Selain tegangan antartokoh, perlu juga melihat posisi antara simbol-simbol yang membunyikan latar cerita, Rumah Amangboru dan Panti Jompo. Keduanya mewakili institusi dan semangat yang berbeda, tradisional dan modern. Narasi soal Rumah Amangboru, meskipun muncul sedari awal,  semakin lama bentuknya semakin samar, sebagaimana terproyeksi dalam mimpi Haji Sudung. Sebaliknya, narasi mengenai Panti Jompo terus diungkapkan hingga akhir cerita, mendekati kepastian yang kini dan akan. Sekuat apa pun masa lalu dipancing, mustahil bisa direngkuh kembali, seturut Rumah Amangboru, bagai artefak yang membatu dalam memori Haji Sudung.

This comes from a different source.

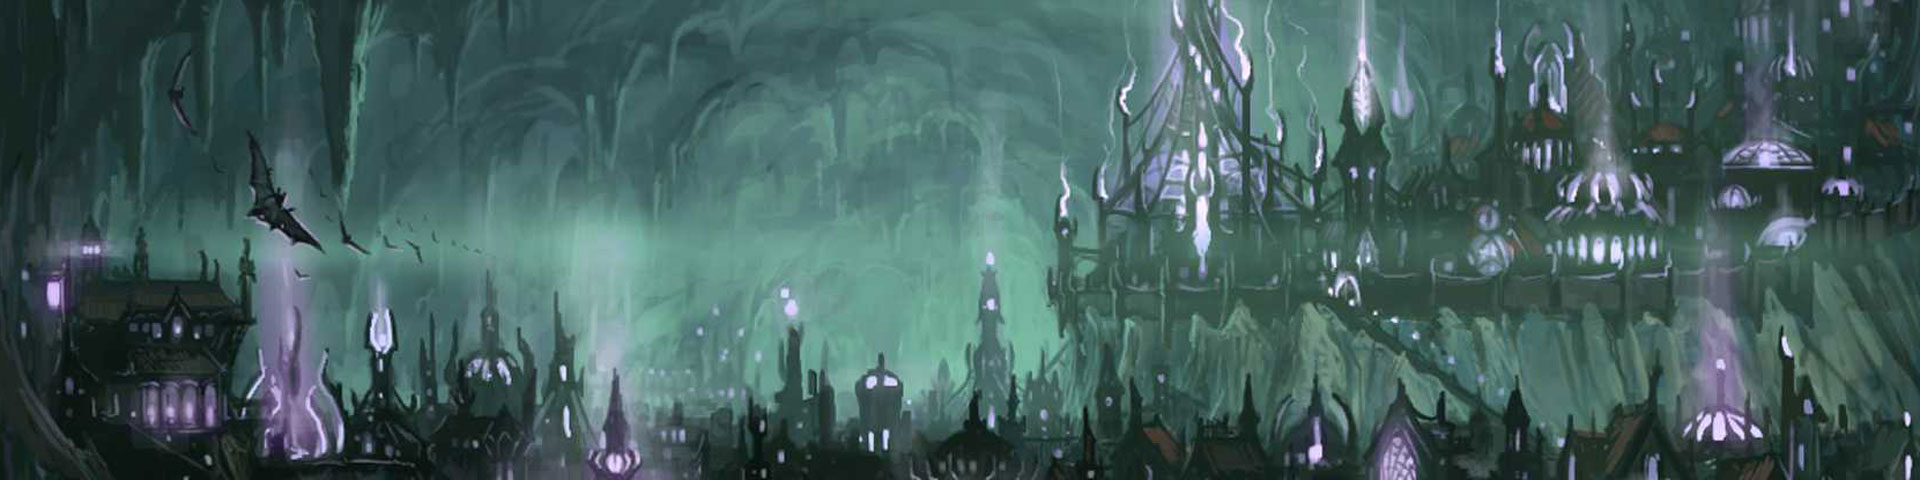 A massive underground city -- its towers illuminated purple -- fills a blue-green cavern.

Saya rasa ada benarnya jika keseluruhan suasana cerita diwakilkan kata ‘Entahlah!’. Segalanya terasa berdiri di persimpangan. Hal ini memengaruhi pergerakan narator dan tokoh-tokoh dalam cerita. Meski menggunakan sudut pandang orang ketiga, narator terlalu ikut campur. Suasana Entahlah ini disemainya merata, misalnya pada penutup cerita:

Malam itu, sambil mendekap buntalan tasnya, Haji Sudung tak sabar untuk segera tertidur. Ia ingin berlari memburu pagi. Atau, mana tahu wangi tanah kelahiran lebih dulu hinggap ke dahan mimpi. Bukan mimpi buruk tentunya. Namun, siapa yang bisa mengetahui isi mimpinya? Sebab, dalam kegelisahan tidur, mulut Haji Sudung hanya lumat oleh igau yang berantakan.

”Ini bukan kampungku! Ini bukan rumahku!”

Nyatanya Haji Sudung belum tentu kembali ke kampung halaman. Akhir cerita menggantung. Pembaca dibiarkan menafsir sendiri, sama persis lagaknya ketika kata “Entahlah!” itu muncul kali pertama. Setiap Haji Sudung akan tertidur, ia selalu berhadapan dengan kecemasannya. Kecemasan itu adalah perasaan tercerabut dari akar!***


[1] Banna, H. (2011). Rumah Amangboru. Depok: Penerbit Koekoesan.

[2] Didipu, H. (2020). Teori Naratologi Gérard Genette (Tinjauan Konseptual).

Telaga Bahasa, 7(2), 163—172. https://doi.org/10.36843/tb.v7i2.58

[3] Landy, Joseph A. (1972). “A Study Of  The Short Story”. Manila: Jesuit Adecational Association.

[4] Neckel, S. (1996). Inferiority: From collective status to deficient individuality.

The Sociological Review, 44(1), 17-34.

[5] Suryajaya, M. (2024). Kesusastraan, Kehancuran. Jakarta: Velodrom.